When she was five, they told her it was like a circus and she believed them. Since then, a hospital bed felt more like a royal balcony from which to view the show.
You had your freaks: the nurses with too many breasts, women of plastic nails and plastic hair, plastic lips molded into a grin. Hardly any more inviting than a bearded lady. You had your doctors who managed to achieve the impossible: fortune tellers who told you your future in less than the fraction of a second. And everybody else seemed to dance and spin around you. The IV drip-drops did their little flip dance in a plastic bottle, a whole world in a grain of fluid. A veritable orchestra of beeps and honks synched itself up with the steady beat of her little excited heart, and she could see the conductor somewhere in a corner, flapping his hands like a crazy crow.
And when they told her she’d be coming back, each time to a new act, they made sure to hang different pictures on the wall and change up the colors. They would switch the positions of her bed and tubes and angle the chairs and table so the room was a jungle of edges they softened with toys and balloons. The thing about balloons was they always popped. She loved holding them between her fingers like a ring-master, and sticking a pin or a pencil through their smelly thin skull.

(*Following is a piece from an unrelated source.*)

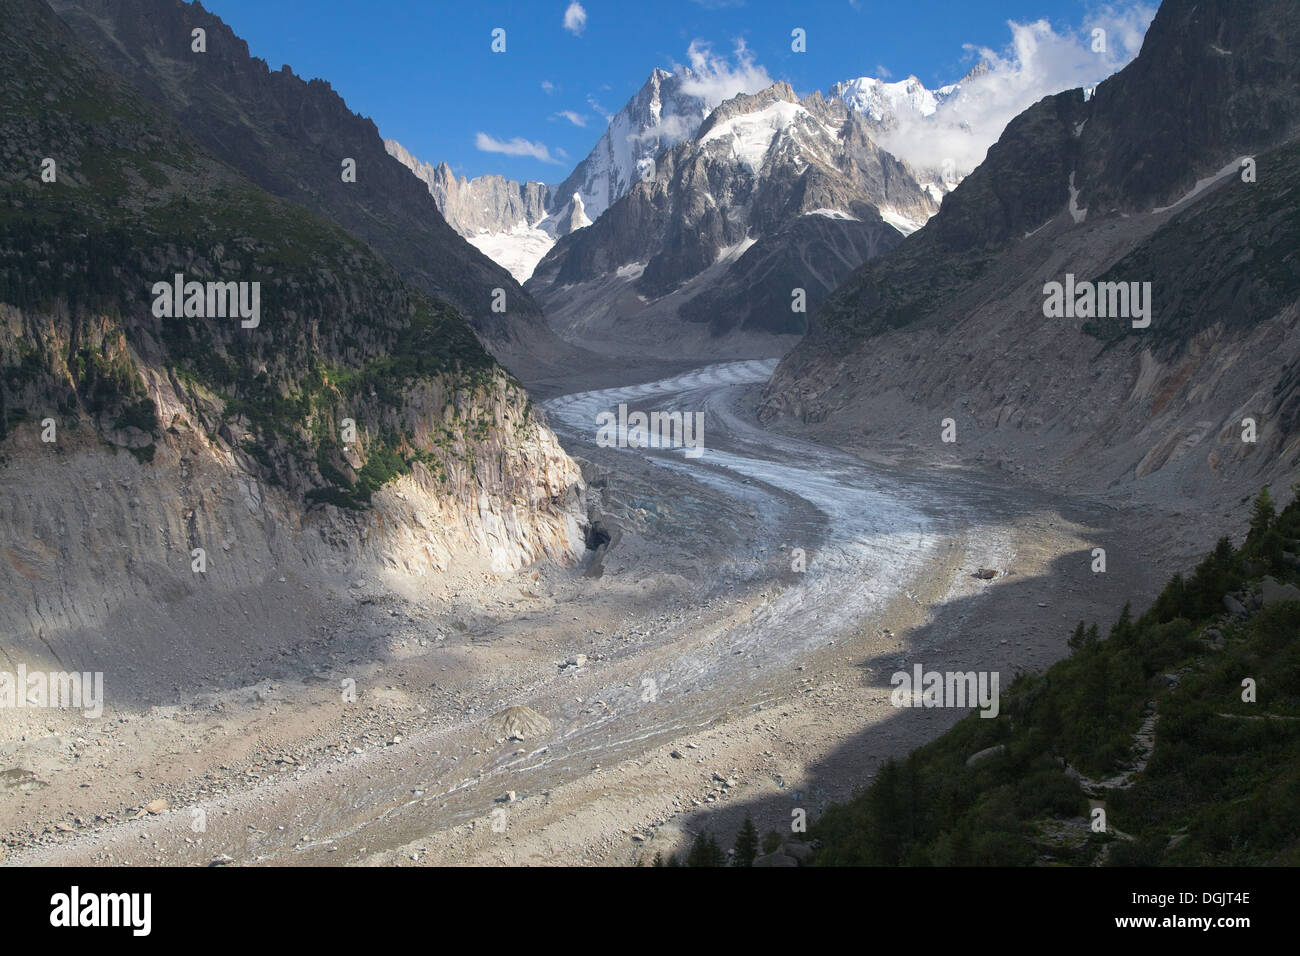 Glacier Mer de Glace from Montenvers, Chamonix-Mont-Blanc, France. Stock Photo

“Angela,” her mother’s voice broke her reverie, “we have something we should tell you.”
Angela realized she was surrounded by a little choir of mother, father, and doctor, a sort of trinity in these hospital shrines. The wardrobe of her mother’s dress certainly got duller throughout the years, and her father grew a gruff beard the way a popcorn seller might look. He had grown dim with a jolly belly; she had grown drab like a dusty amusement park.
“I’m a big girl now, guys. Almost eight. You could talk to me like a grown-up,” Angela interjected. But she pretty much stopped listening after her emphatic display of maturity; after that, there was no point. Instead, she noticed the way her mother’s small old hoop earrings swung like gymnast’s rings every time she shook and buried her head in her father’s shoulder. She thought that his heaving belly was like the big dome where the circus set up, a stuffed balloon in which you played and roamed. She figured there was probably a whole monkey performance going on in her dad’s stomach, so she tugged at her thin gown to see if her own belly was the same. A smaller circus, she thought. And the thick ropes tying it all in place were the wires and snakes coiling over her tummy to a spot in her chest.
“Do you understand, Angel?” someone asked her. She looked up from her bare bones, wide-eyed.
“Uh-huh,” she said. And by the time their little performance was over, she was heavily into the scene on TV where the clowns grab somebody from the audience and take them down to the pit. If only she could be so lucky.
She felt like maybe this time was it, they let her stay with the toys and dolls, fancy grey machines like elephants that blew potions into your mouth and nose, painted faces with red eyes and noses that came to visit. Was she part of it now? Was she a performer?
She knew her family was sad to see her go, but the circus folk are wanderers; they roam from town to village and show people tricks and sing them songs and give them strange, foreign things they’ve never seen before. The orchestra grew louder and louder every day. And how electrifying the lights were above her head! They made patterns down halls and up ceilings, they crawled along the walls announcing candy and soda for sale. They showed her where to bat her lashes when her head rolled to a side and her eyes swung back like the answer in a magic eightball.
This must be the trick where the drumroll shakes the ground and you wait, mouth gaping for the final act. The performers all rush onto the stage and erupt in a spasm of their specialties. Man with the hands that shoot electricity! Snake-charmer with his plastic pipe! Women in exotic masks playing darts with their eyes, shaking their hips, shaking her chest, shaking!
Great fireworks in shapes like stars and circles! Everyone was clapping and the drums were thunder and somewhere it started to rain in little taps on the tarp. The symphony got as loud as it’s ever been and the instruments throbbed together. The last big bang of the fireworks! The instruments boomed! The conductor stood frozen on his step in the corner of the room.
We are waiting for something. The final performance. Everybody’s hushed in anticipation. You could hear the seconds tick. And her heart did one last little leap that echoed in the giant dome. A round woman held the last note of her opera trill till the gloves came off.
They all packed up their trunks and trinkets in piles. The sleeping elephants followed behind their down-trodden masters, tugged along. Scraps of paper and plastic littered the ground like candy-apple confetti. At the end, you realize the space where the circus settles is just a wasteland. You leave behind your trash and move on.
There follows a procession of gods and monsters, pink-streaked faces in black, friends and family with ticket stubs in their hands, as if to say we have been there. We have seen the acts of the circus and the star of the show was Angela. And at night, you think you hear the caravan coming through, with the loud drunk laughter of girls and parrots and popped balloons. You hope at least they kept the room the same.